Fat Tuesday, Sugary Tuesday, Doughie Tuesday
We’re looking forward to Shrove Tuesday (otherwise known as Mardi Gras or Fat Tuesday), the last day before Ash Wednesday and the season of Lent. As good Christians, we traditionally prepare for 40 days of fasting and penitence by partying and eating as much fat, sugar and dough as we can.
It all takes place next Tuesday, Feb. 24 in the Great Hall from 6 – 7:30 pm. The Vestry, as always, will host and provide the pancakes, as well as bacon, eggs and other breakfasty foods.
And there will be lots of decadent pancake toppings provided by Sunday School parents as well as a Lenten trivia game for the adults and a Lenten craft project for the kids. Come and enjoy the fun. There will be plenty of time during Lent to practice restraint.
Working the Watershed
This Saturday, Feb. 21, St. Bede’s kids of all ages, as well as their parents and other interested parishioners, will be teaming up with “Save The Bay” to help rehabilitate a piece of the Baylands in East Palo Alto. We’ll be planting native plants and pulling invasive weeds and otherwise helping to make a small part of our local environment more healthy, as it processes rain-water, filters out waste from our roads, and provides habitat for birds, bugs, mice, and, you know, human beings.
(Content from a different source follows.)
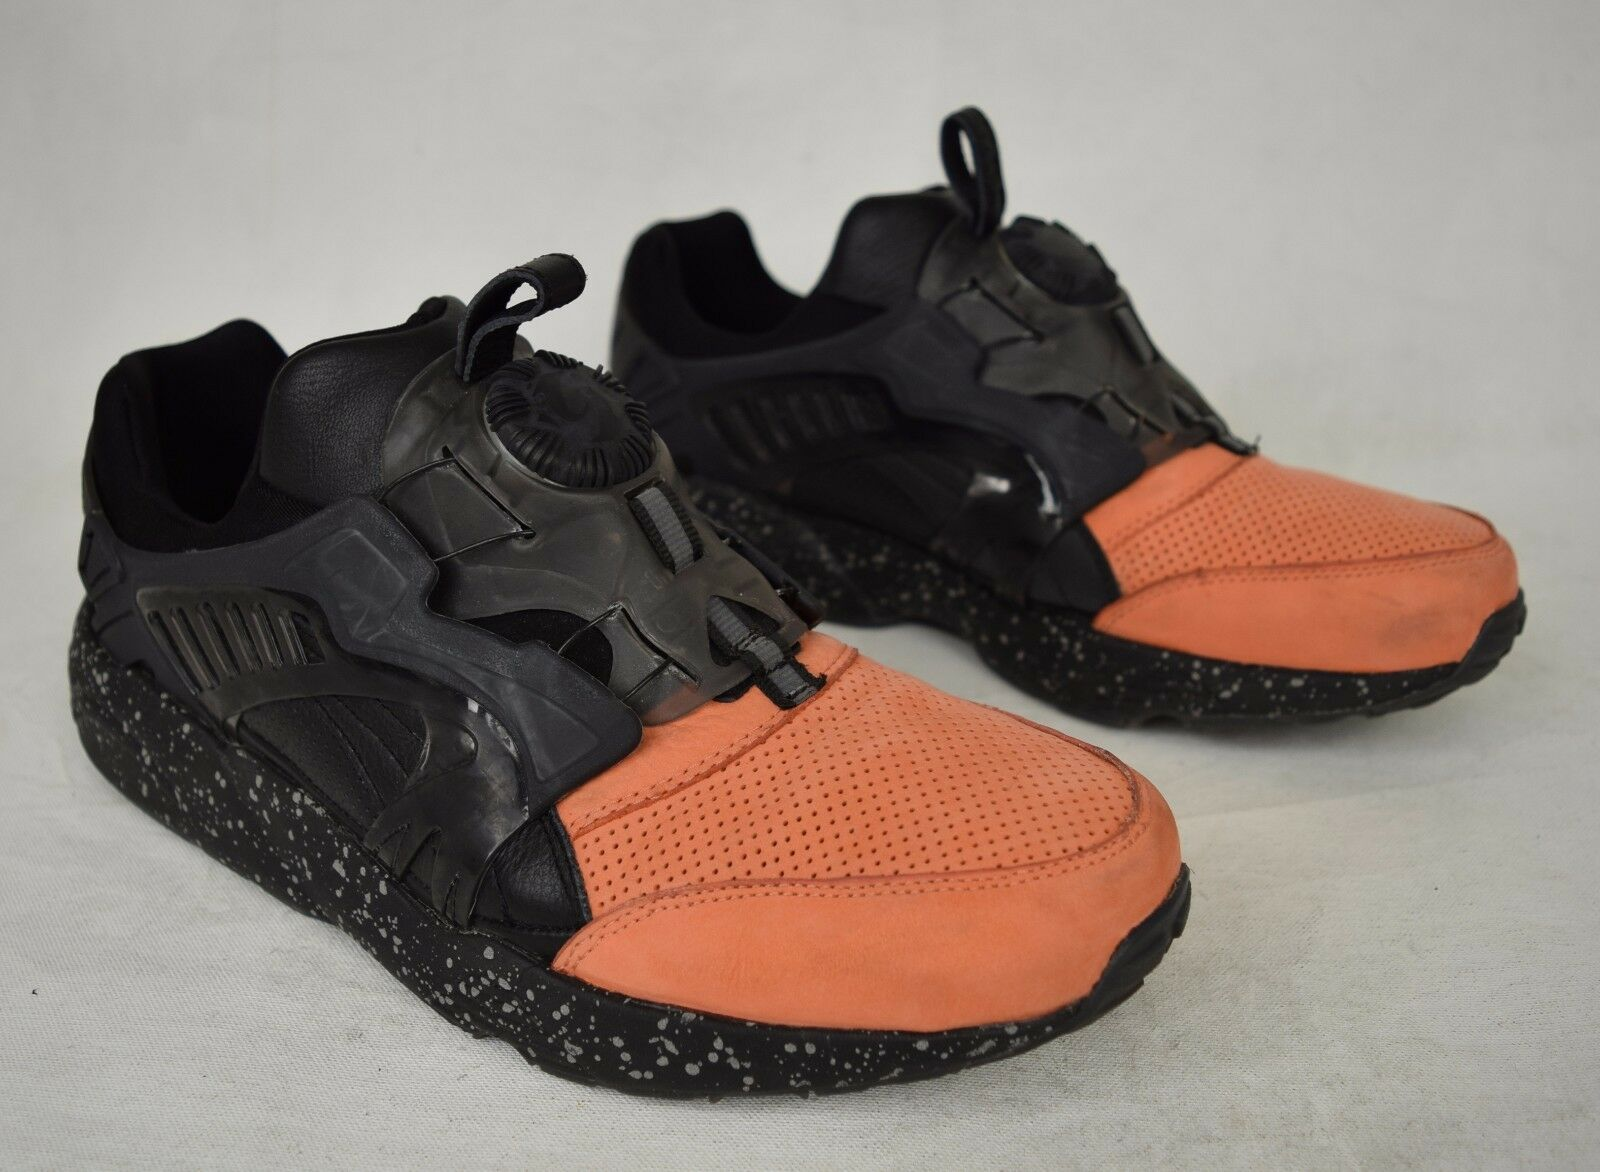 Puma RF Disc Blaze OG COA Black Salmon Ronnie Fieg Shoes 11 35660801 Mens 01 best-selling model of the brand

In March (Saturday, March 21 to be exact), we will start work on our own assigned spot of land in the Baylands: Bede’s Bog. Read all about it here.
Social Entrepreneur 1: Dr. Paul Farmer
Check out the book by the great Tracy Kidder, Mountains Beyond Mountains: The Quest of Dr. Paul Farmer, A Man Who Would Cure the World, (Random House, 2004).
Farmer, a student of medical anthropology at Duke before attending Harvard medical School, claimed as a hero, German scientist Rudolf Virchow, known as the “Father of Pathology” and the founder of the field known as Social Medicine, which seeks to “understand how social and economic conditions impact health, disease and the practice of medicine,” as well as to “foster conditions in which this understanding can lead to a healthier society.”
As Farmer puts it in the book, “ Virchow had a comprehensive vision: pathology, social medicine, politics, anthropology.” (61)
For years Dr. Farmer has commuted between Harvard and Haiti, where he founded Partners in Health (PIH), forging connections between Haiti and resources in the US. Known as Dokte Paul throughout Haiti, he has improved rural health by teaching basic health practices as the best preventive medicine.
With this public health model, Farmer and his colleague, Jim Kim, have influenced changes in epidemiological protocol for global infectious diseases, in the World Health Organization (WHO) and the International Red Cross (IRC), as well as in the pharmaceutical industry.
Farmer was raised Roman Catholic. He has tenuous ties to organized religion, taking guidance from the example of Jesus. He has found an affinity with liberation theology, a movement arising out of Latin America in the 20th century. Farmer abbreviates the basics:
The “O for the P” is the preferential option for the poor in scripture, in the life of Jesus, in the witness of saints, e.g. monastics working among the Latin American poor (174).
The “H of G” is a hermeneutics of generosity, the discipline of giving others the benefit of the doubt, based on the imago dei, humanity created in God’s image. (215).
Soulwork: Social Entrepreneurship Series
There’s only one more Social Entrepreneurship Soulwork session left–this coming Sunday, Feb. 22, 9 – 10 am. But you can read about each of the case studies our rector has presented over the past two months right here on Bede’s Blog. All this week, I’ll be posting Kitty’s notes and thoughts, along with relevant quotes and links, regarding each of the social entrepreneurs Kitty helped introduce to us.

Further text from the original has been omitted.